As echinacea is a herbal product, it won’t necessarily have been thoroughly tested for interactions with foods, drugs or other supplements. This means it is difficult to know for sure how safe it is. It may affect how you absorb drugs and change the way that certain drugs work. It is strongly recommended that you don’t take echinacea if you
- Are pregnant or breastfeeding
- Have a medical condition that affects your immune system, such as an autoimmune disease, HIV or AIDS
- Are taking drugs to suppress your immune system, because it may work against them
- Are under the age of 12 – the medical health regulatory association say there is a risk of allergic reactions such as skin rashes
Pharmacists and doctors sometimes advise people being treated for lymphoma not to take echinacea, because it could interfere with their treatment. It may interfere with how certain chemotherapy drugs work, such as etoposide.
Our advice is to always read the product labels. And if you are taking other drugs, herbs, or supplements, you should check with your doctor about safety.
Always check with your doctor before you start using any type of complementary or alternative therapy.
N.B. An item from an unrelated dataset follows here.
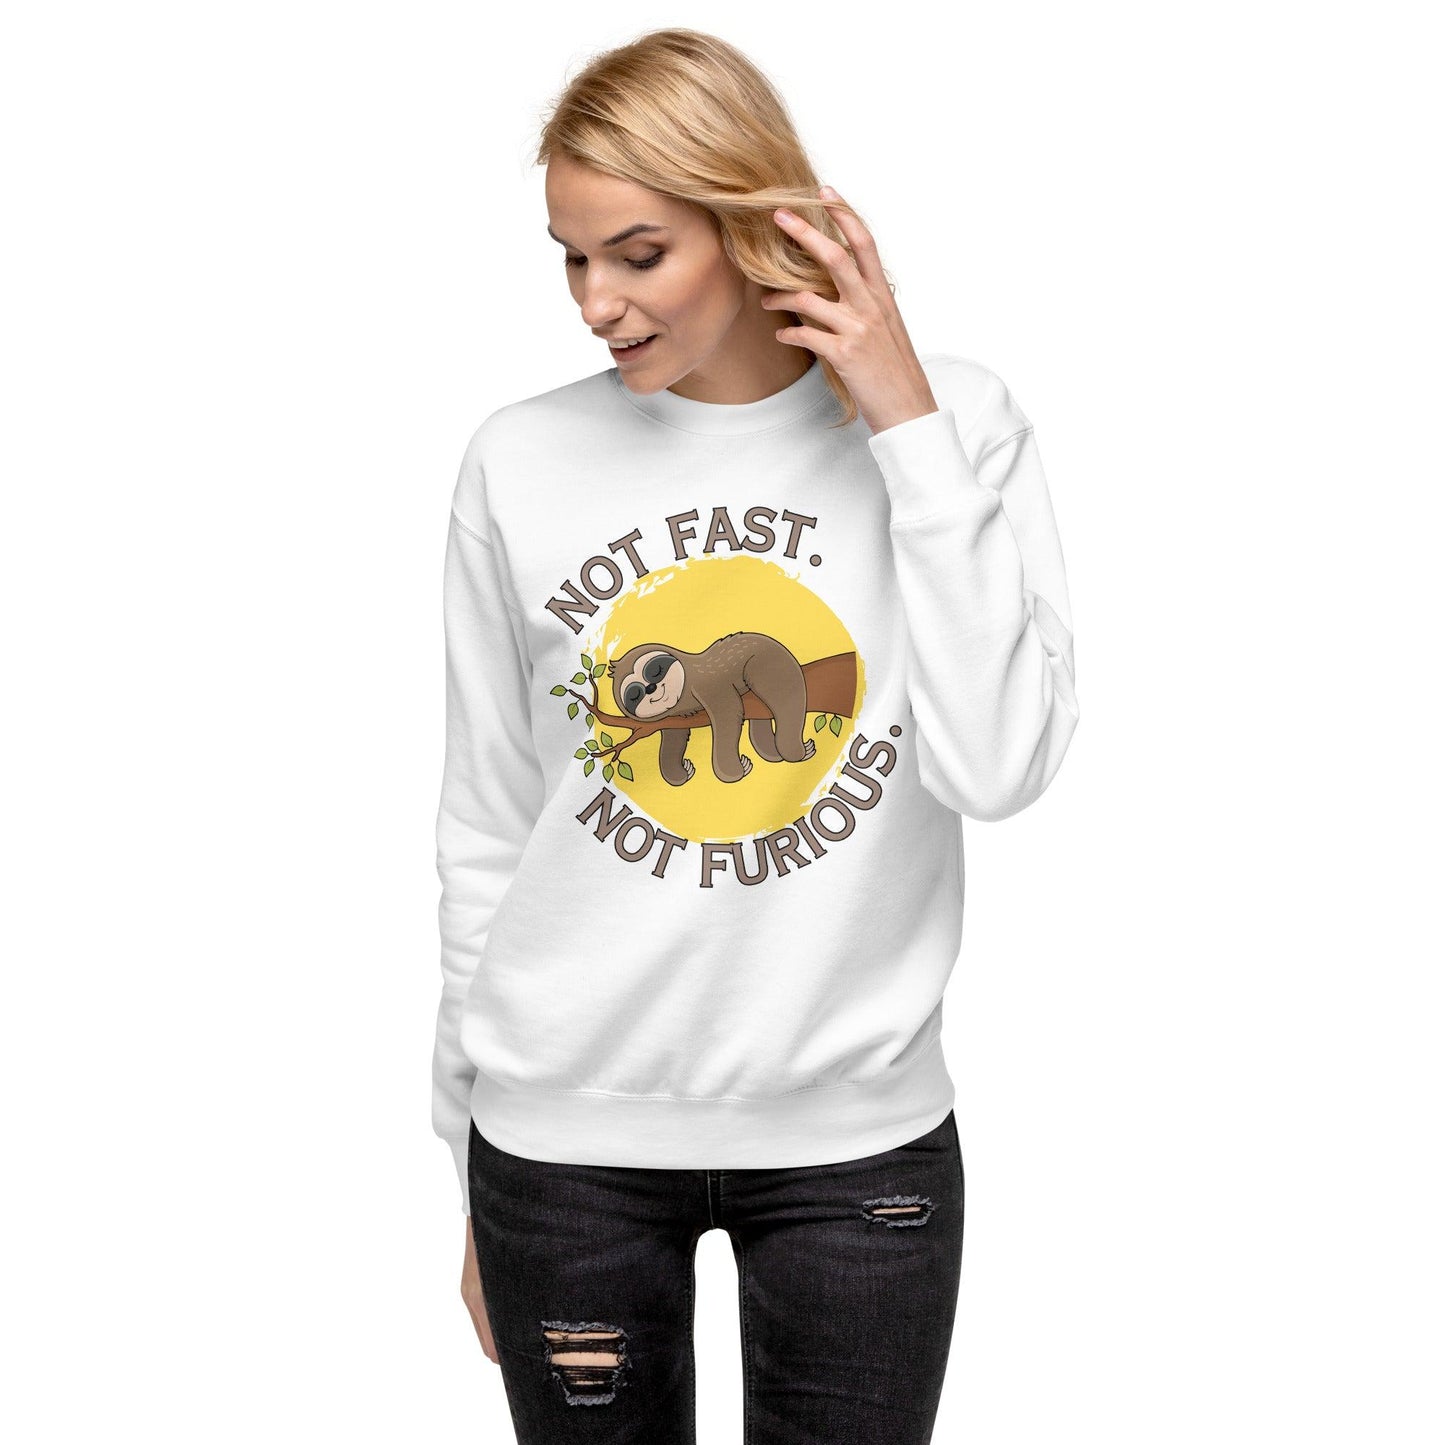 Premium Crew Sweatshirt - Not Fast Not Furious

It is very important to find out all you can about the therapy before deciding to use it. We certainly don’t recommend that you replace your conventional cancer treatment with any type of supplement like echinacea. It may be safe to take it alongside your cancer treatment but check with your doctor first to make sure.
Our message is
- Be careful
- Be wary of any websites or people who claim that echinacea can treat or cure your cancer
- Be wary of websites selling echinacea for a very high price
- Make sure you look into the information that is available
- Talk to your cancer doctor before you buy
- You may find it useful to read our section on the safety of herbal products
Echinacea is sold in health food shops, chemists and over the internet. As with many dietary and herbal products the price can vary depending on
- The dose
- The amount you buy
- Where you buy it (health food shops, chemist or online)
- If you buy online the prices vary a lot. For example, for 60 capsules containing 1000mg of echinacea, you can pay anywhere between £2:99 and £10:99.